→ **THE PROBLEM**:
Leave every image out, and return the rest of the data word for word.

→ **EXERCISE DATA**:
========================================================================
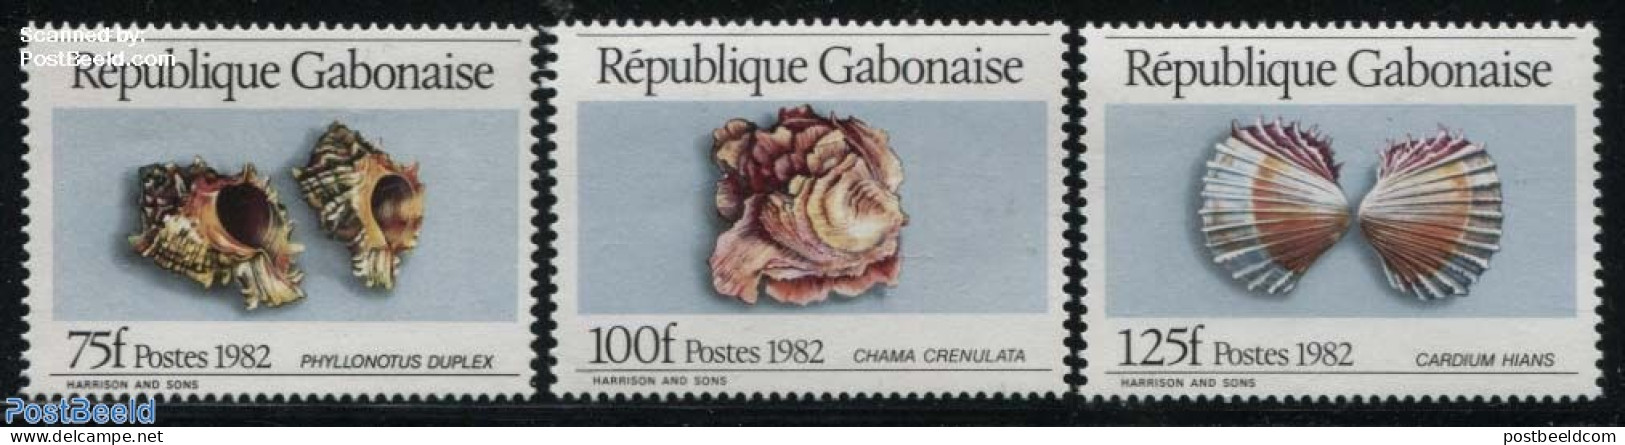 Gabon 1982 Moluscs 3v, Mint NH, Nature - Shells & Crustaceans - Nuevos
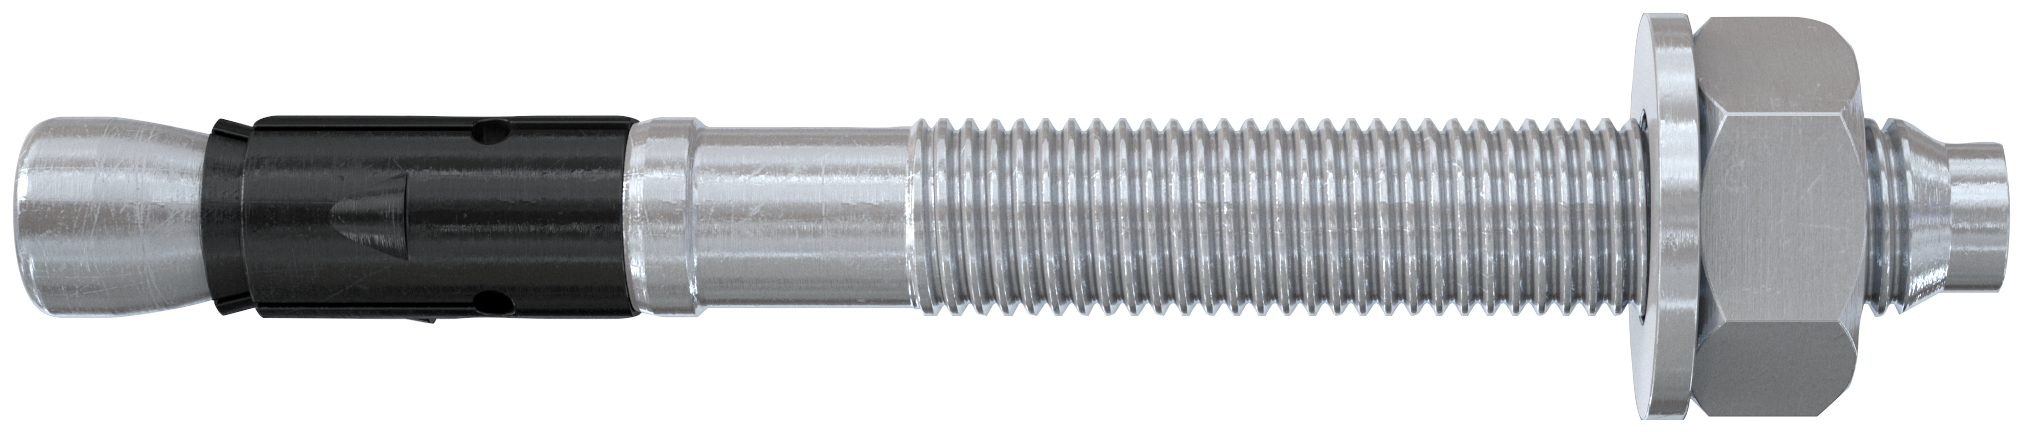 fischer Tassello acciaio FAZ II 16-50 (10 Pz.) L'ancorante ad espansione ad alte prestazioni per carichi statici su calcestruzzo fessurato e per applicazioni sismiche. Versione in acciaio zincato. fie1141
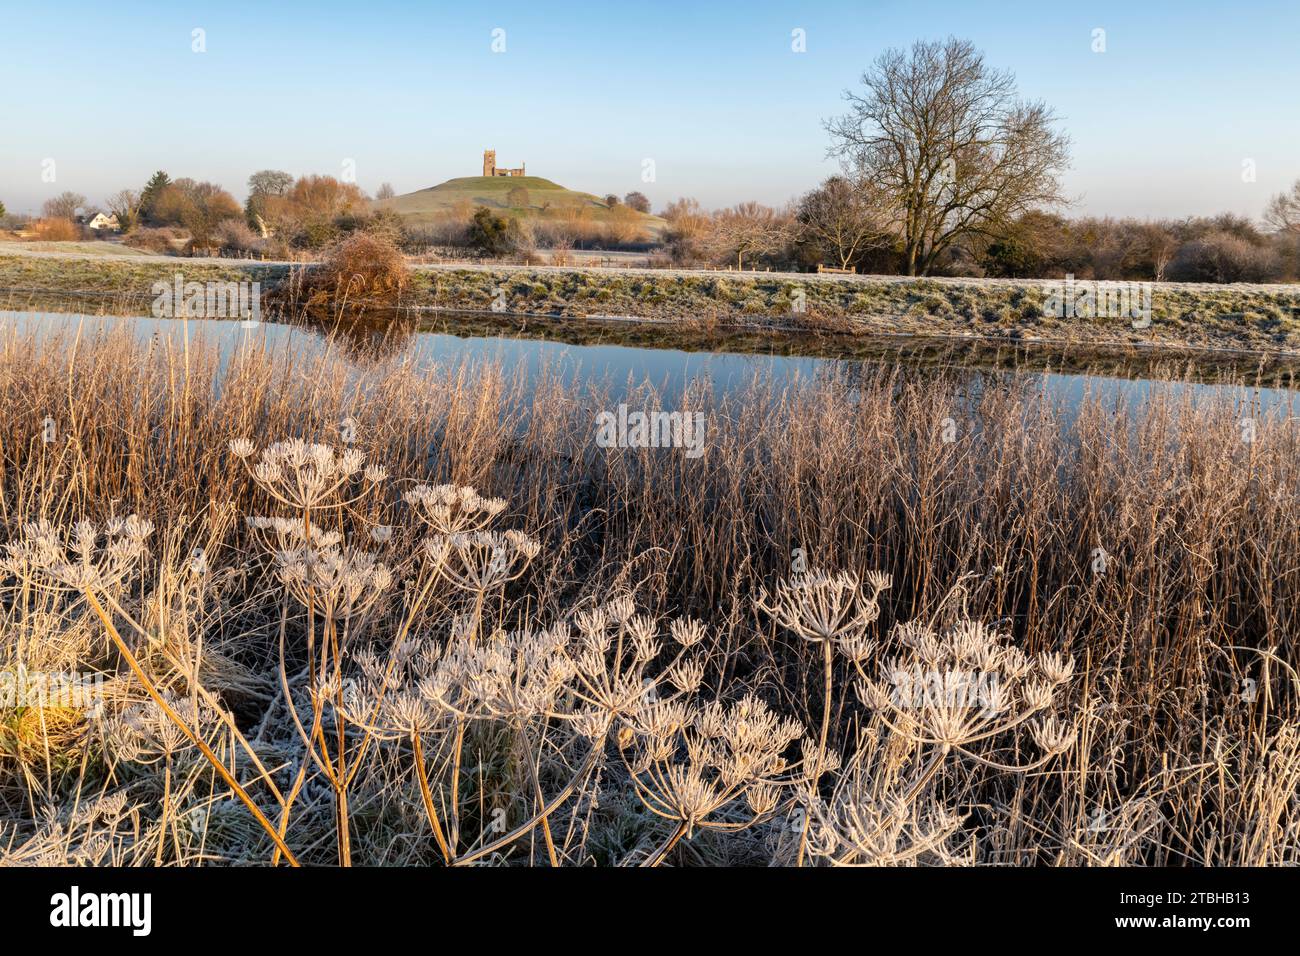 Piante ghiacciate sulle rive del fiume Parrett, con la chiesa di Burrow Mump sullo sfondo, Burrowbridge, Somerset, Inghilterra. Inverno (gennaio) 2023. Foto Stock
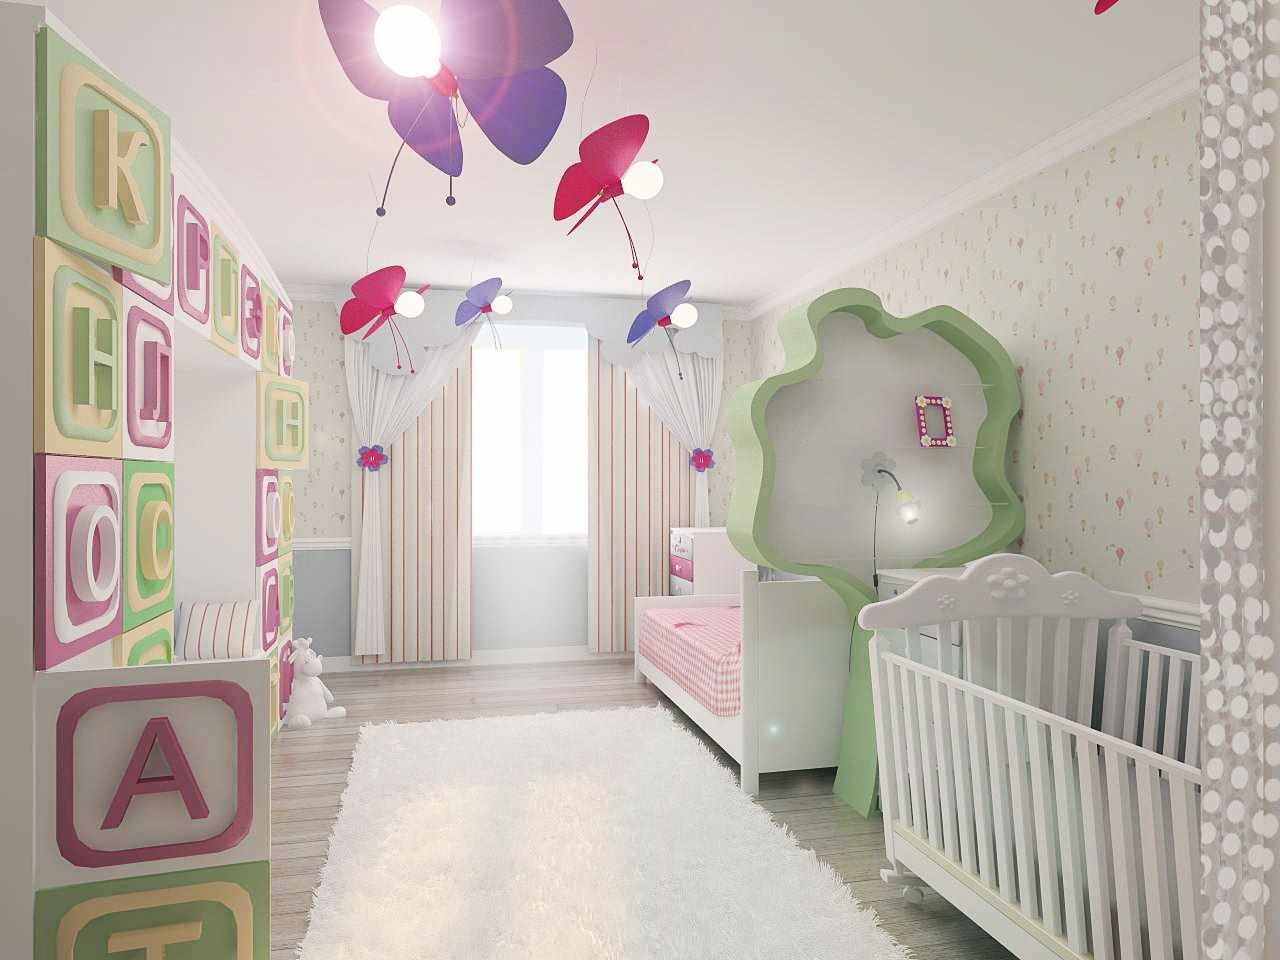 ideea unui stil frumos al unei camere pentru copii
========================================================================
→ **FINISHED TASK**:
 Gabon 1982 Moluscs 3v, Mint NH, Nature - Shells & Crustaceans - Nuevos
 fischer Tassello acciaio FAZ II 16-50 (10 Pz.) L'ancorante ad espansione ad alte prestazioni per carichi statici su calcestruzzo fessurato e per applicazioni sismiche. Versione in acciaio zincato. fie1141
 Piante ghiacciate sulle rive del fiume Parrett, con la chiesa di Burrow Mump sullo sfondo, Burrowbridge, Somerset, Inghilterra. Inverno (gennaio) 2023. Foto Stock
 ideea unui stil frumos al unei camere pentru copii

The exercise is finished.